Dr. Goulder’s report recommends that appellant avoid occupations “involving relatively high levels of physical exertion” and that future jobs should be limited to “occupations involving mostly sedentary activities.” Although Dr. Goulder states the general kinds of jobs Kinsey can now perform, again there is no determination concerning whether appellant’s training, experience, and accomplishments correspond to his current occupational abilities.
We recognize that medical doctors are not career counselors. However, in determining whether Kinsey is totally disabled, the board can not rely on general statements made by doctors either in written reports or in preprinted forms supplied by the board which state that a member can engage in “some” type of gainful occupation. The board must state that it considered the member’s training, experience, and accomplishments in determining whether he can engage in other gainful employment.
However, a lack of some evidence to support the board’s finding that appellant is partially disabled does not necessarily mean there is some evidence to support a finding that he is totally disabled. As stated in State, ex rel. Lampkins, v. Dayton Malleable (1989), 45 Ohio St. 3d 14, 16-17, 542 N.E. 2d 1105, 1108, “* * * a lack of evidence supporting a denial of * * * benefits cannot automatically translate into some evidence supporting an award of such benefits.” This court cannot substitute its judgment for that of the board, which has much discretion in these matters. See State, ex rel. Brunson, v. Bedner (1971), 28 Ohio App. 2d 63, 57 O.O. 2d 124, 274 N.E. 2d 565.

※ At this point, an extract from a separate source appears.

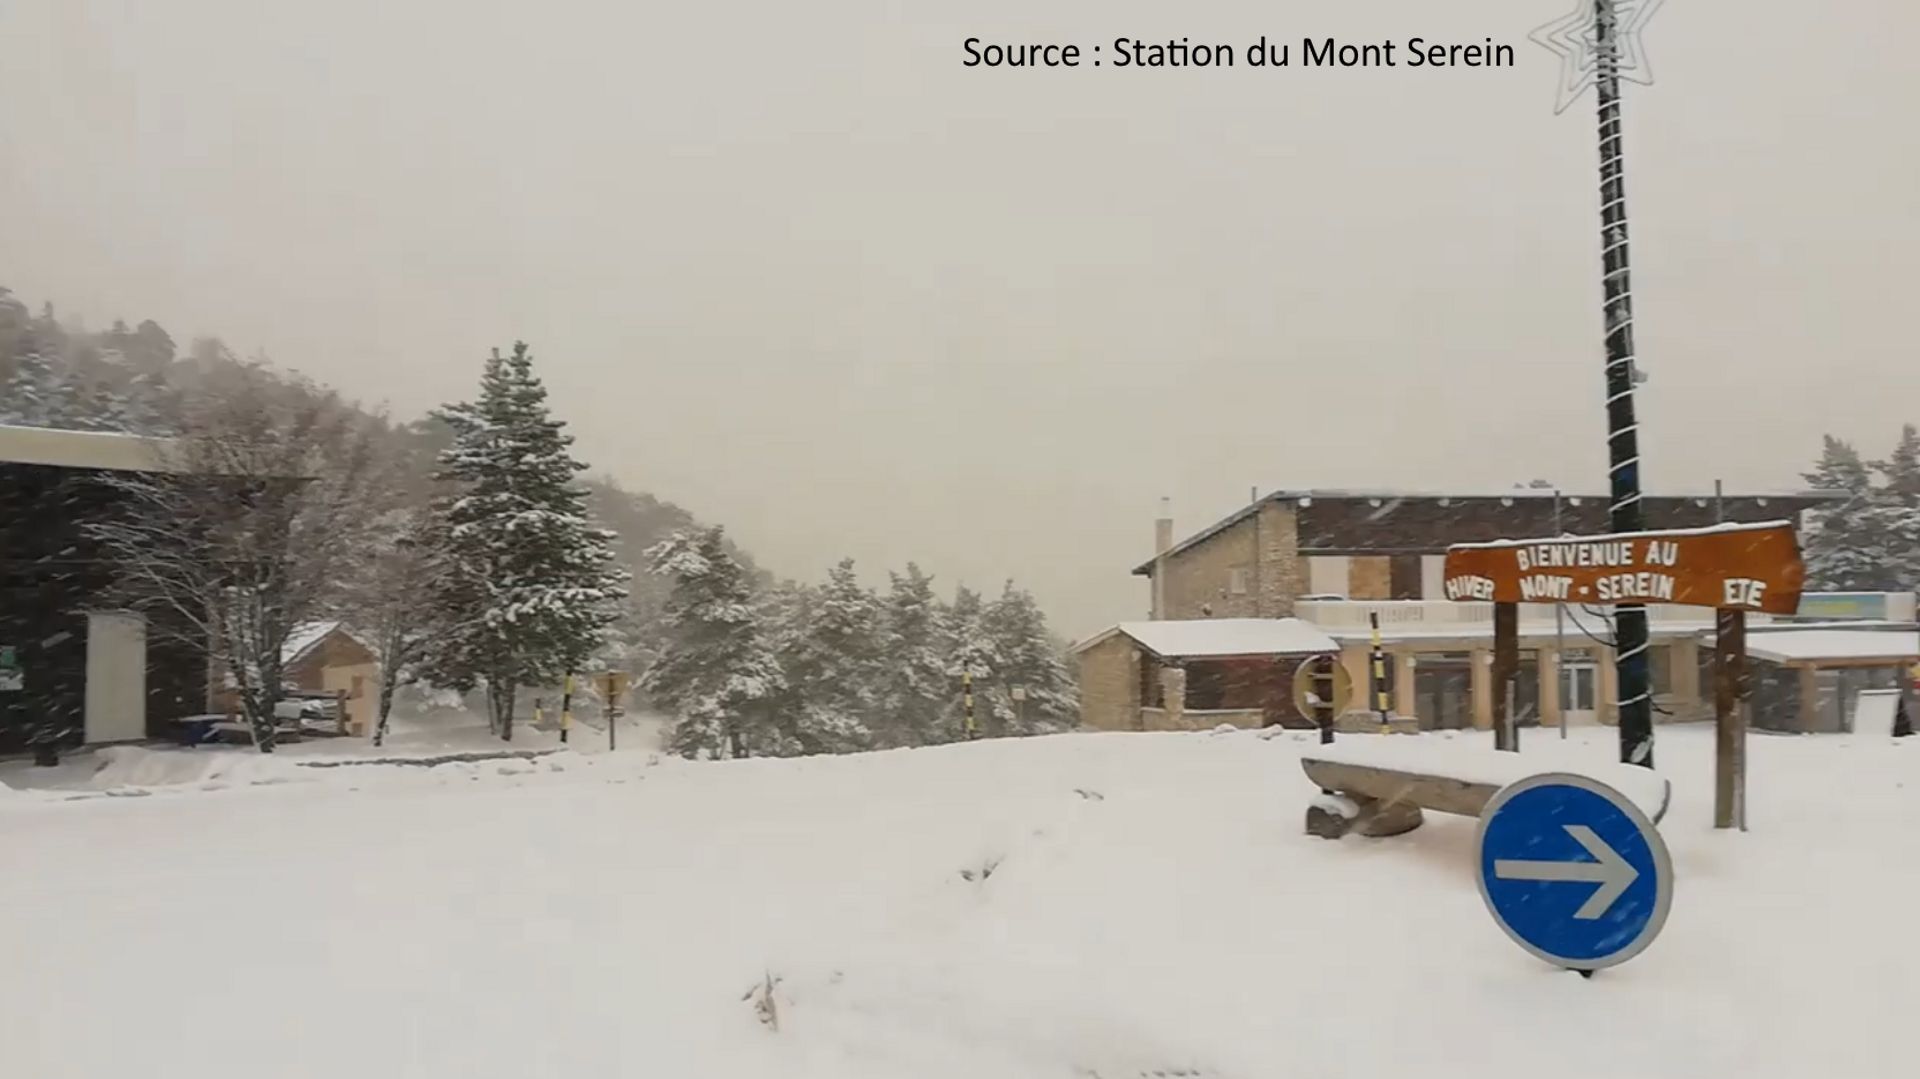 La neige recouvre la station du Mont Serein, inaccessible aux skieurs en raison de l’épidémie de coronavirus.

Thus, we must remand this cause to the board for the board to specifically state that Kinsey’s training, experience and accomplishments were
Judgment reversed and cause remanded.
Concurrence Opinion
concurring in judgment. The board of trustees did not abuse its discretion in not finding relator to be permanently and totally disabled. The evidence is clear that relator is no longer able to be a fire fighter; however, I believe it also clear that there is ample evidence to support the board’s conclusion that relator can perform other jobs. Dr. Scheer, twice, and Dr. Goulder, once, found relator to be only partially disabled, and in view of relator’s work experience, the board properly determined him to be capable of engaging in any number of less strenuous occupations, as these physicians suggest. Therefore, the relator is not entitled to a writ of mandamus. However, I shall concur in the judgment of the majority here and agree to a remand which will allow the board to clarify its prior determination.